> [Assigned task]: The listing is to be repeated exactly, and its pictures are to be left out.

> [Provided data]:
>>>

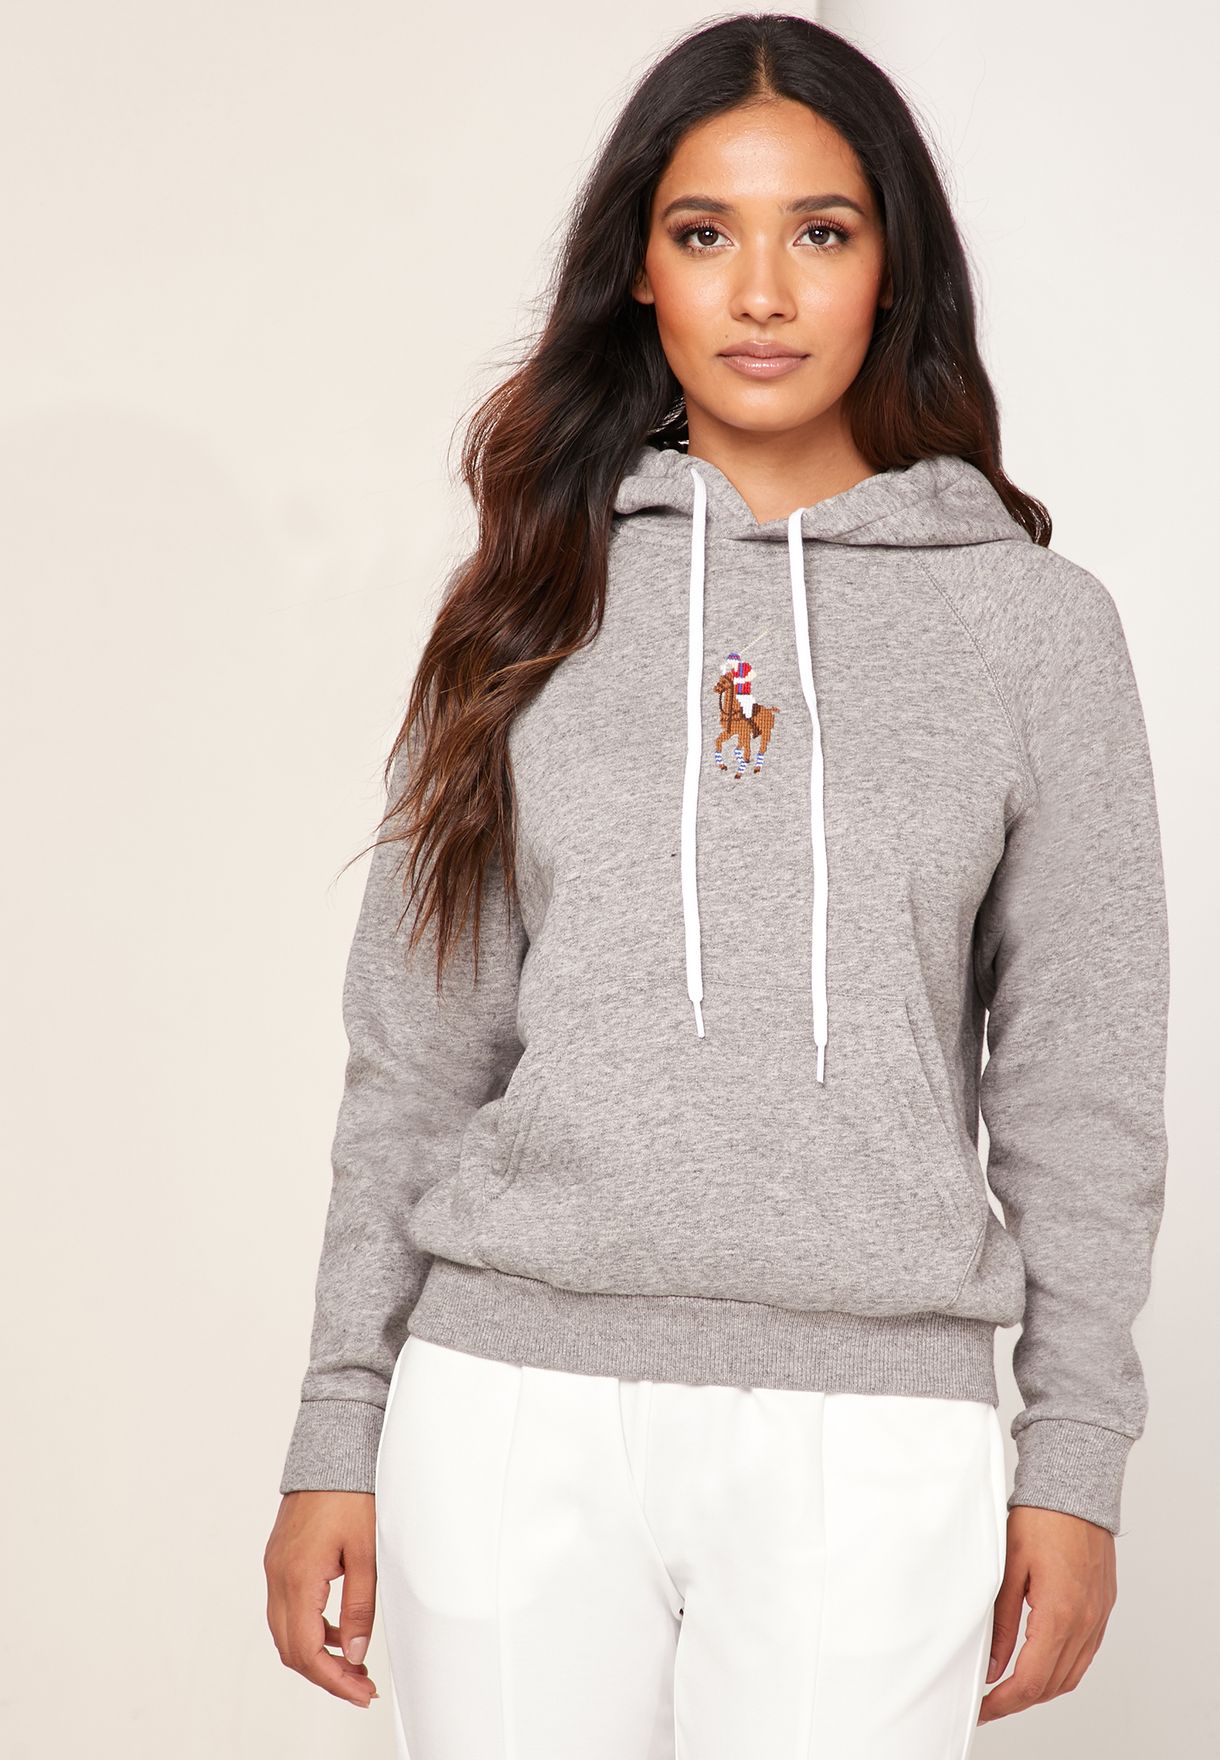 polo ralph lauren hoodie women's
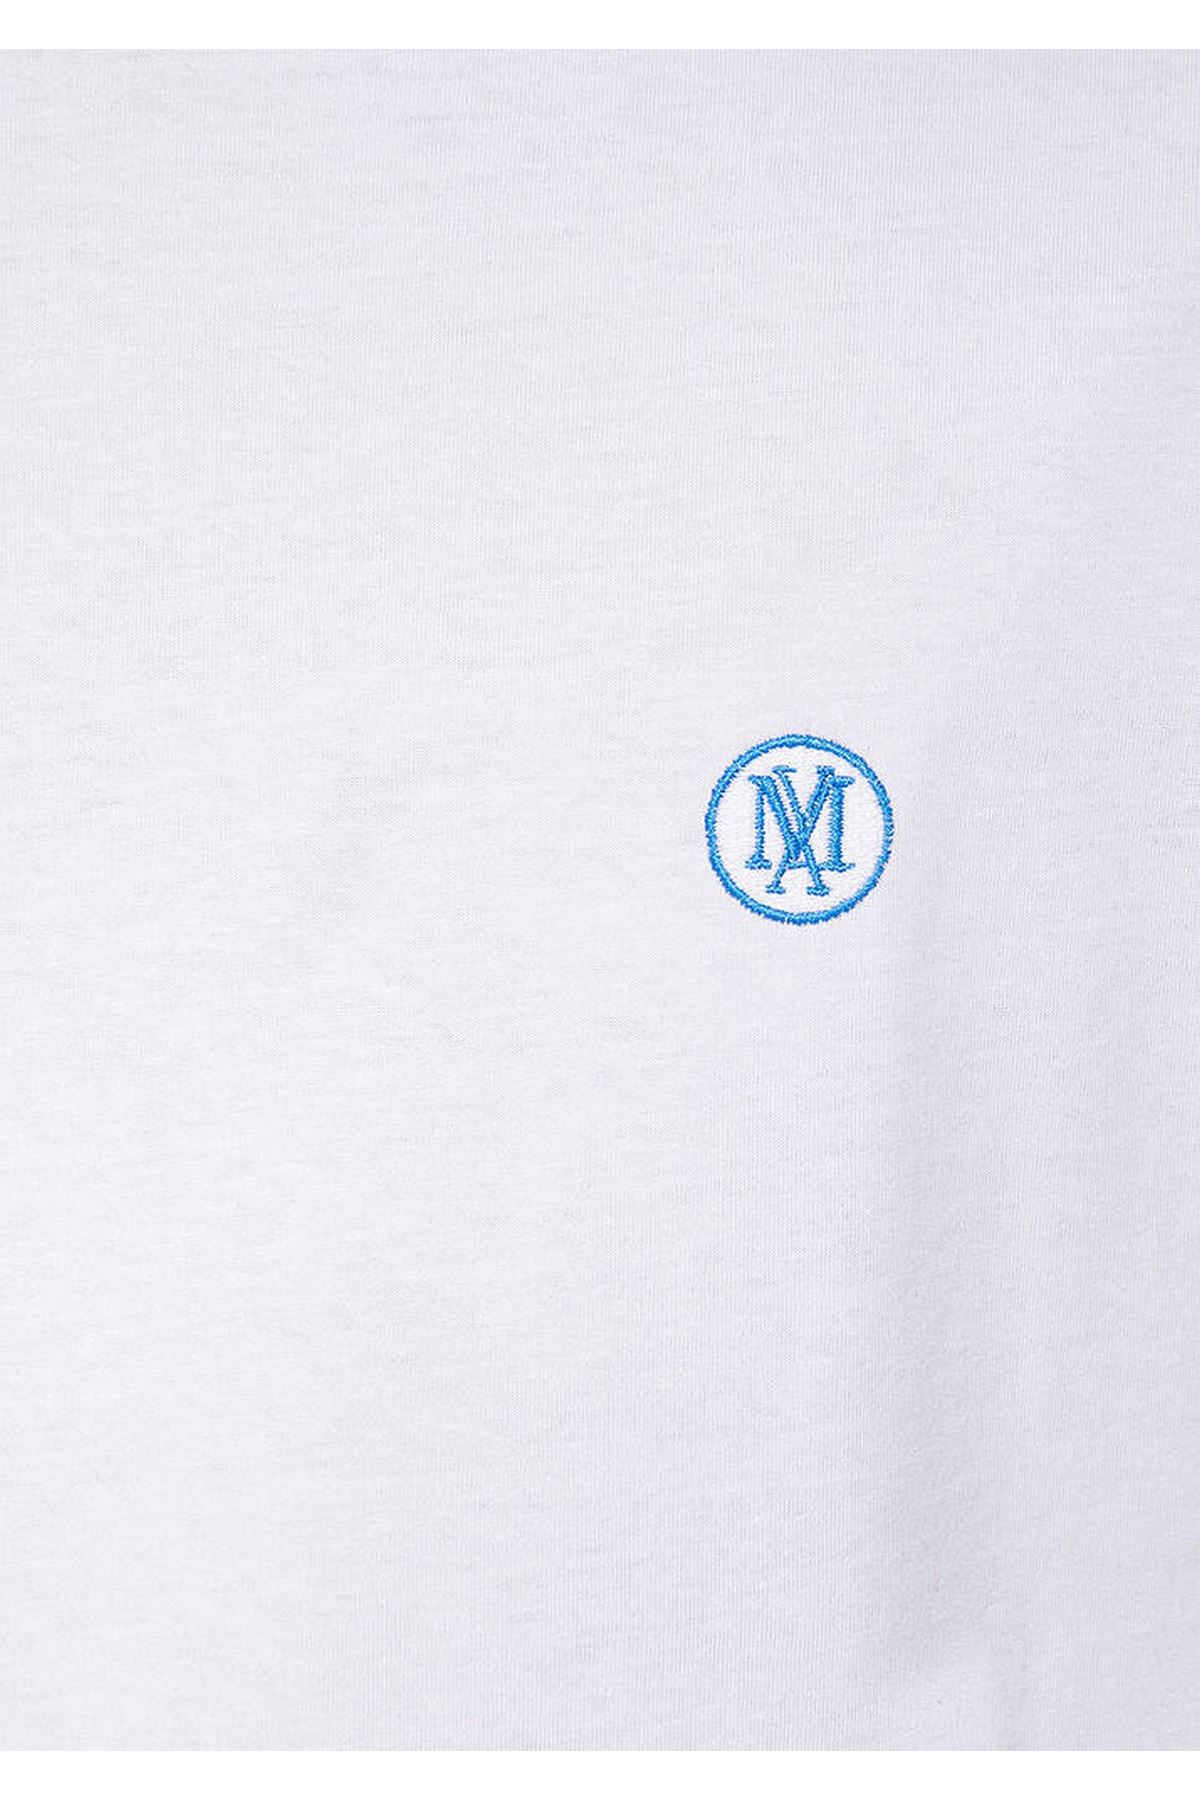 Logo Nakışlı  Mavi Erkek Beyaz Tişört - M067074-620
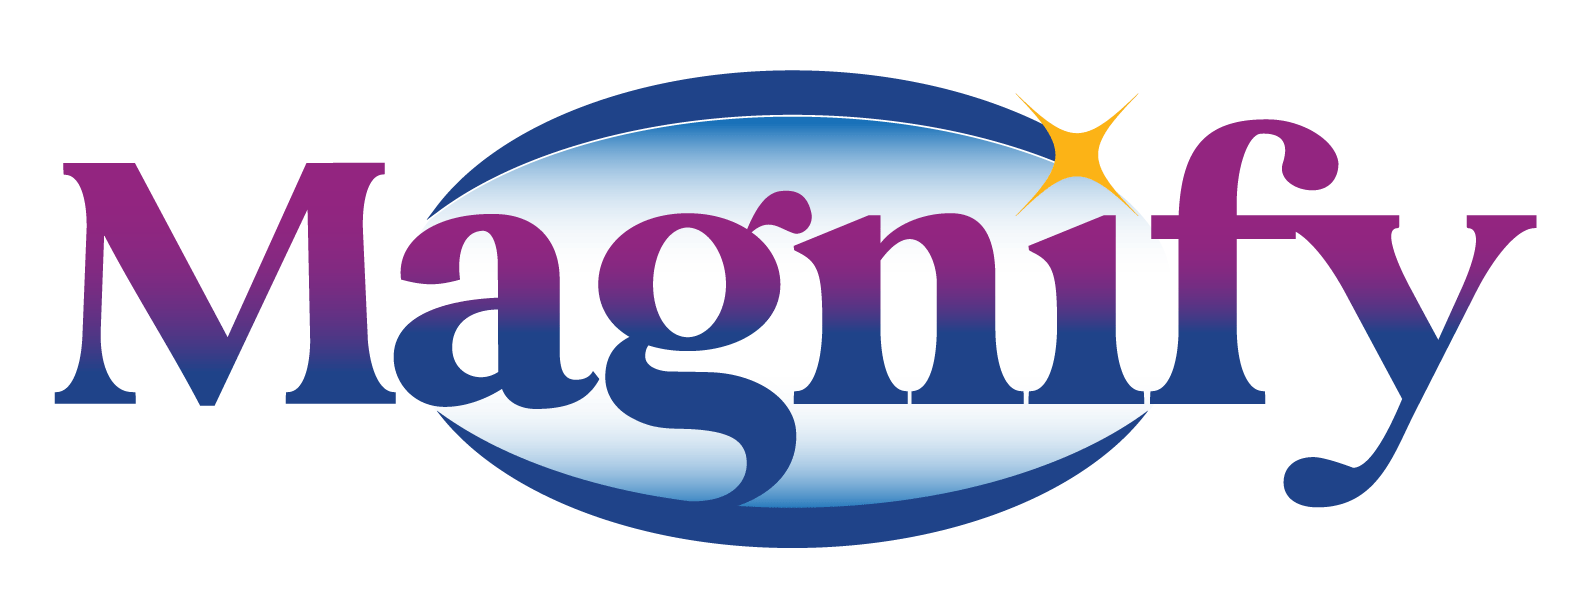 Magnify Logo
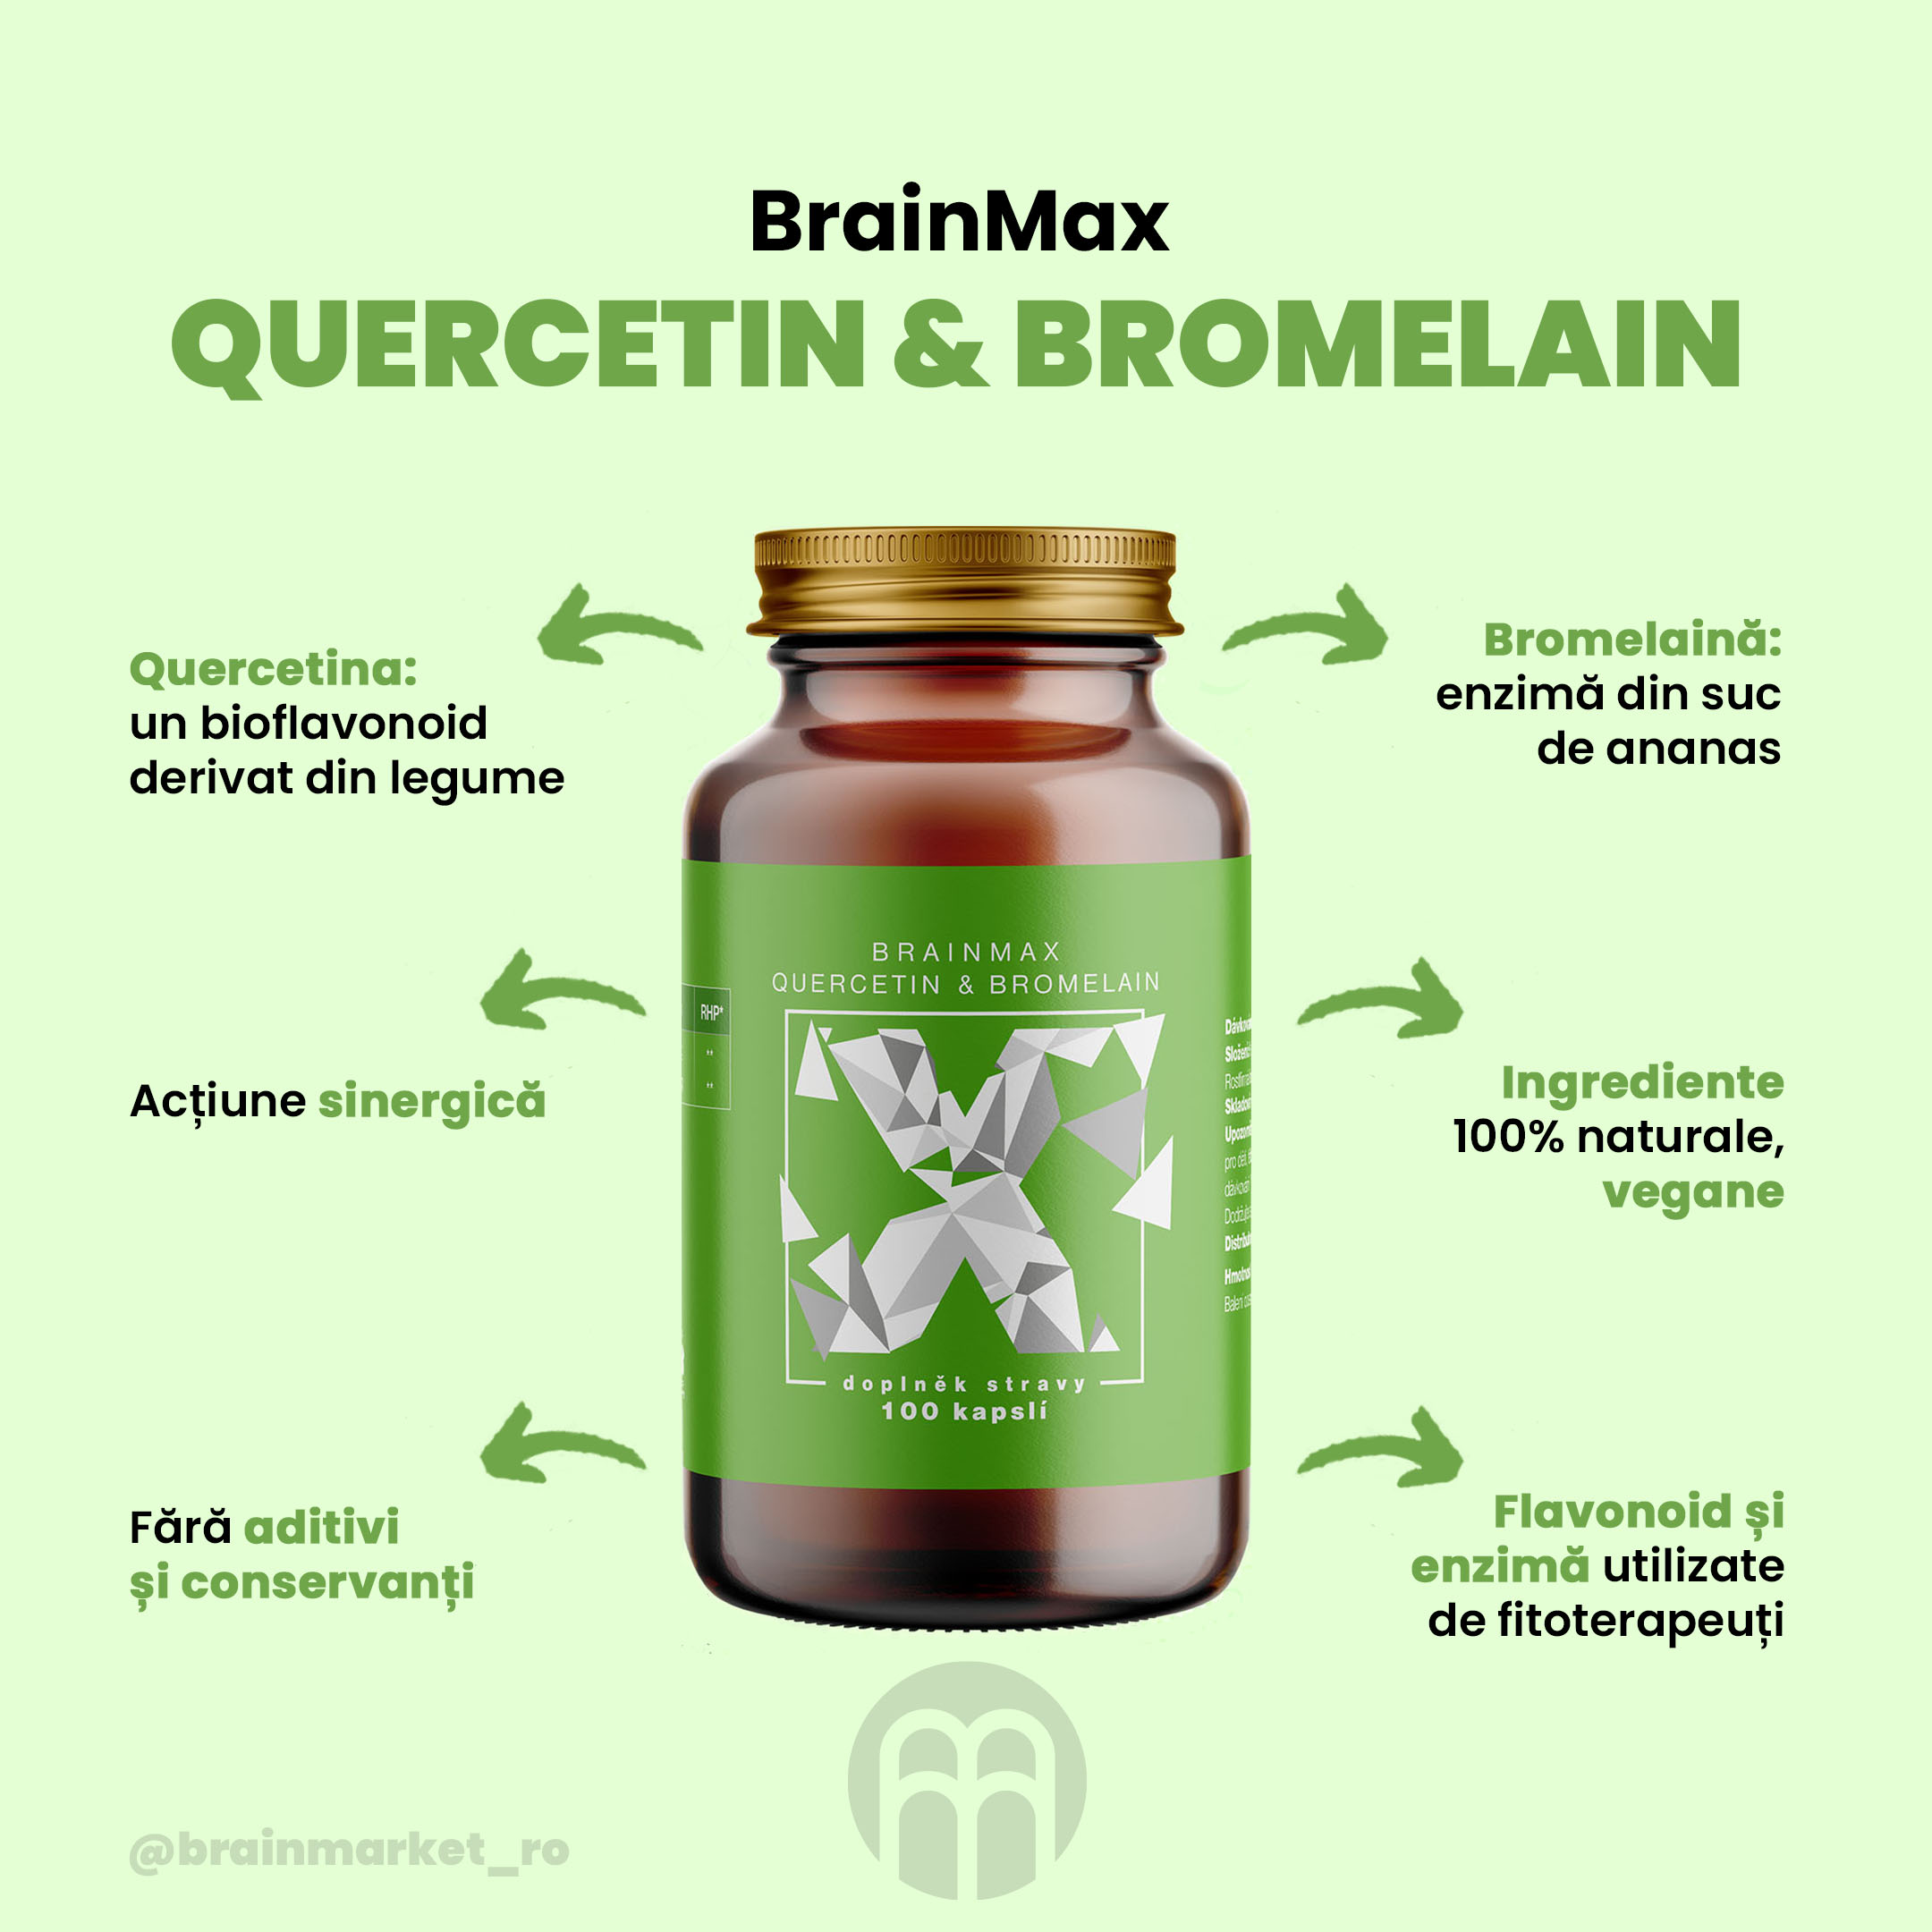 BrainMax Quercetin & Bromelain

<<<

> [The completed task]:
 polo ralph lauren hoodie women's
 Logo Nakışlı  Mavi Erkek Beyaz Tişört - M067074-620
 Magnify Logo
 BrainMax Quercetin & Bromelain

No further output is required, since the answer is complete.